This question concerns calendar dates of the form \[d_1d_2/m_1m_2/y_1y_2y_3y_4\] in the order day/month/year.
The question specifically concerns those dates which contain no repetitions of a digit. For example, the date \(23/05/1967\) is such date but \(07/12/1974\) is not such a date as both \(1=m_1=y_1\) and \(7=d_2=y_3\) are repeated digits.
We will use the Gregorian Calendar throughout (this is the calendar system that is standard throughout most of the world; see below.)
- Show that there is no date with no repetition of digits in the years from \(2000\) to \(2099\).
Any date which has a year from \(2000\) to \(2099\) will have \(y_1=2\) and \(y_2=0\).
Therefore, \(m_1\) cannot be \(0\), so \(m_1=1\).
Since there are only \(12\) months, \(m_2\) can be only \(0\), \(1\) or \(2\), but any of these values will lead to repetitions.
Hence, there is no date with no repetition of digits in the years from \(2000\) to \(2099\).
- What was the last date before today, \(03/11/2010\), with no repetition of digits? Explain your answer.

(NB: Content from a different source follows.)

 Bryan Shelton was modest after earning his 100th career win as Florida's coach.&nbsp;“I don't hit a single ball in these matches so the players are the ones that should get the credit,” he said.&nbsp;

We should aim for dates of the form \(d_1d_2/m_1m_2/19y_3y_4\), since we already know that there is no date from \(2000\) to \(2099\) that will work.

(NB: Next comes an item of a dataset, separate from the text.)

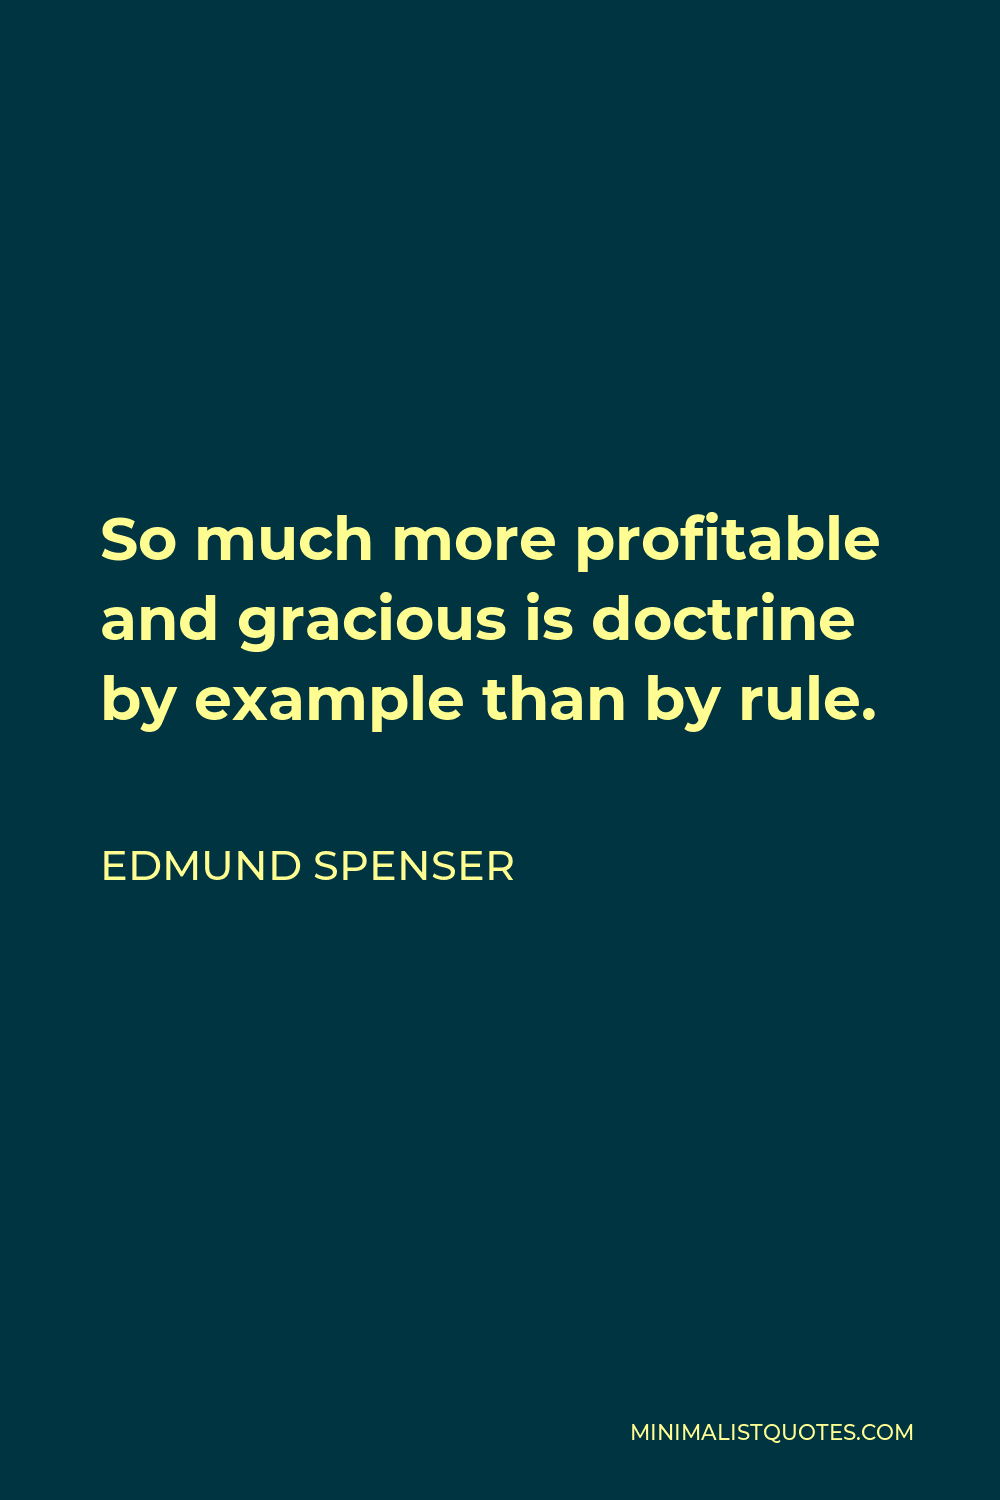 Edmund Spenser Quote - So much more profitable and gracious is doctrine by example than by rule.

Also, since we want the last day, we should find the biggest values possible, starting with the year. The greatest value for a year with no repeated digits is \(1987\).
Now we aim to find the greatest possible value for the month. Since \(10\),\(11\) and \(12\) will all lead to repeated digit \(1\), this is \(06\).

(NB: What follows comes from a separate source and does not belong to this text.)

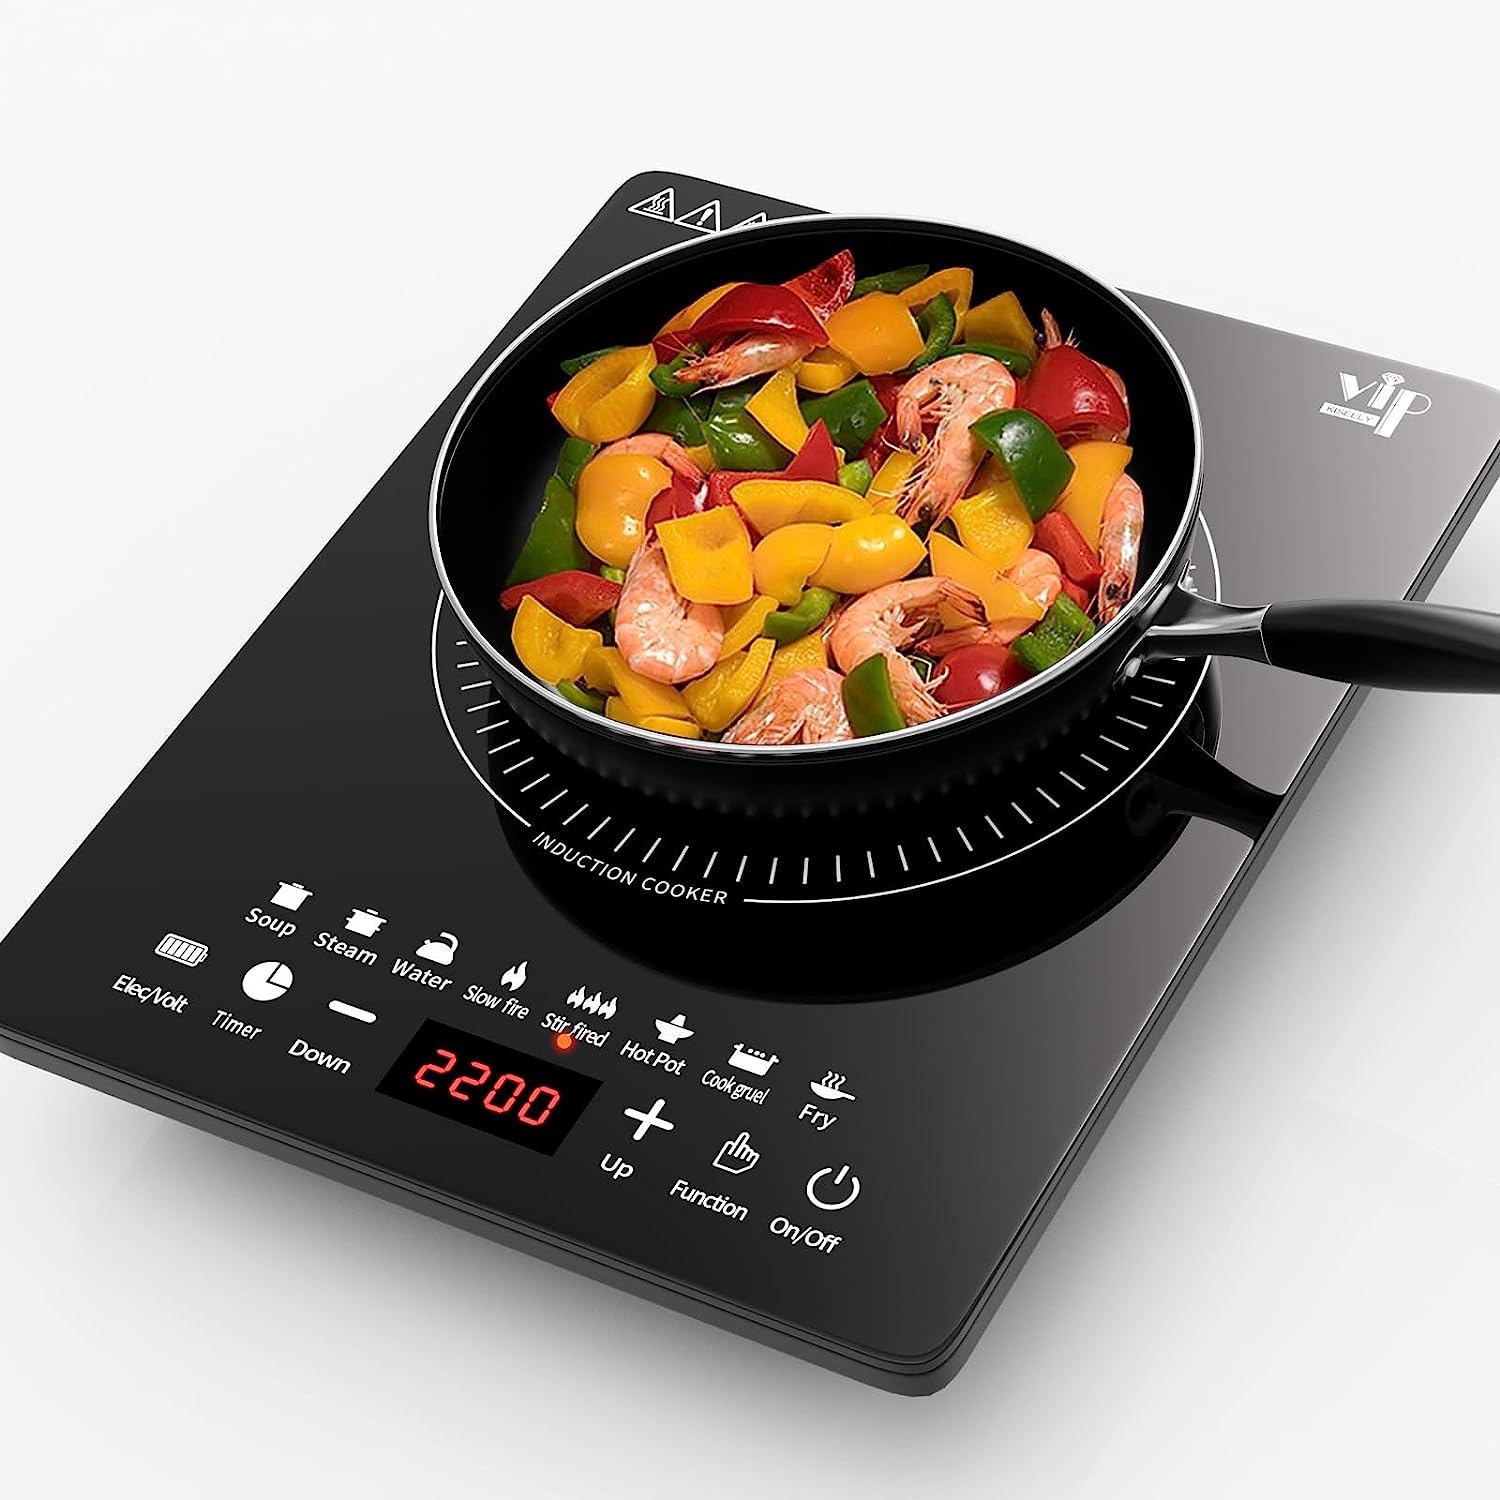 Portable Induction Cooktop, Countertop Burner with [...]

For the day, we cannot use \(0\) and \(1\) and so the day cannot be \(30\) or \(31\). So the biggest day with no repeated values is \(25\).
Hence the last date before \(03/11/2010\) with no repetition of digits is \(25/06/1987\).
- When will the next such date be? Explain your answer.
To find the next such date after \(03/11/2010\) we aim to choose the smallest values for day, year and month, starting with the year.
Since every date from \(2000\) to \(2099\) repeats digits, the date we seek should be of the form \(d_1d_2/m_1m_2/2y_2y_3y_4\), with \(y_2>0\).
If \(y_2=1\), then, in order to avoid repetitions, \(m_1=0\) and \(d_1=3\).
But then we will have no possible value for \(d_2\), as we cannot use \(0\) or \(1\).
So \(y_2\) cannot be \(1\). Moreover, by the same argument, \(y_3\) and \(y_4\) should also be different from \(1\).
The next possible value is \(y_2=3\). Since we want the minimum value of \(y_1y_2y_3y_4\), and we cannot use \(1\) or \(0\), \(y_1y_2y_3y_4=2345\).
So the minimum value of the month that we can choose is \(06\), and the minimum one for the day is \(17\).
Therefore the next date with no repeated digits is \(17/06/2345\).
- How many such dates were there in years from \(1900\) to \(1999\)? Explain your answer.
Since we want years from \(1900\) to \(1999\), \(y_1=1\) and \(y_2=9\).
Also, \(m_1=0\), as it cannot be \(1\). Since we have used \(1\) and \(0\), and the only days starting with \(3\) are \(30\) and \(31\), which cannot be used, \(d_1=2\).
For the other positions, namely, \(d_2\), \(m_2\), \(y_3\) and \(y_4\), we can choose any of the \(6\) digits that remain unused.
So we have \(6\) ways of choosing \(d_2\), \(5\) ways of choosing \(m_2\) (as it should be different from \(d_2\)), \(4\) ways of choosing \(y_3\) and \(3\) ways of choosing \(y_4\).
Hence, there are \(6\times5\times4\times3=360\) such dates in the years from \(1900\) to \(1999\).